"Angan" namanya. Kata orang tua, kelakuannya mirip sekali dengan saya waktu kecil, tidak mau diam. (tapi saya gak ingat)
Sepulang saya kerja kadang-kadang dia berulah, makanan berkuah/minumannya yang tinggal sedikit ditumpahkan ke lantai kemudian digosok-gosok pakai kakinya. Saya khawatir air yang tumpah di lantai membuat dia terpleset. Kadang-kadang saya lepas kontrol sehingga bicara dengan agak keras kepadanya supaya dia nurut, tapi setelahnya saya selalu menyesal. Dan dia belum pernah nurut jika dinasehati dengan kasar.
Malam tadi, selepas solat magrib, saya berniat membaca alquran, lalu angan meminta alquran yang biasa dibaca ibunya. Saya memberikan buku iqro kepadanya, karena biasanya alquran hanya dijadikan mainan olehnya. Tak seperti biasanya, dia nggak ngeyel dan mau diberikan iqro. Saat saya mulai mengaji, dia meminta saya untuk membacakan iqro, kemudian saya memangku angan dan membacakan iqro nya.
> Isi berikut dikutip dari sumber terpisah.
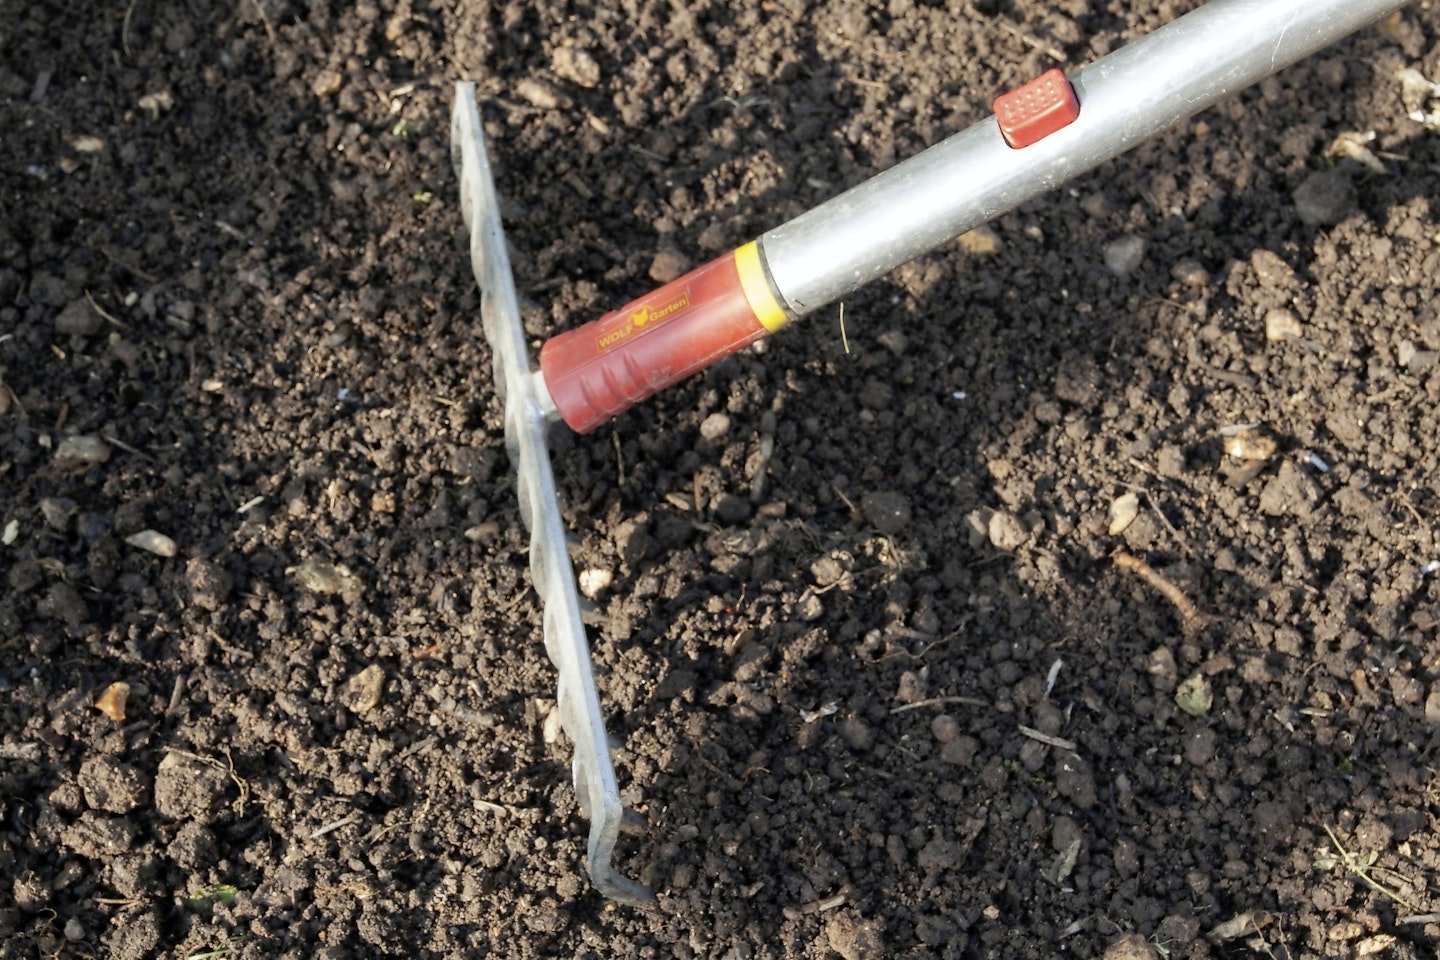 Rake soil so it’s free of lumps and lightly firm to create a level seed bed.

Ia mulai mengikuti bacaan saya, lalu saya meminta ia yang membaca hurufnya (dia sudah hafal hijaiyah dengan menggunakan lagu). Akhirnya dia membaca iqro dengan saya menuntun jarinya untuk menunjukkan huruf yang dibaca, ia membaca sampai huruf Jim (Ja) sebelum akhirnya bosan.
Betapa senang saya melihatnya lancar membaca iqro untuk kali pertama.
Saya tidak mengingat apapun saat saya masih seusia Angan. Dimarahi atau dipuji saya tak ingat. Mungkin begitu juga dengan angan nanti.
Sebagai orang tua saya hanya harus meninggalkan memori-memori indah pada anak, bahkan jika anak sedang membuat kesal, sepertinya saya sebagai orang tua yang harus menambah kapasitas kesabaran.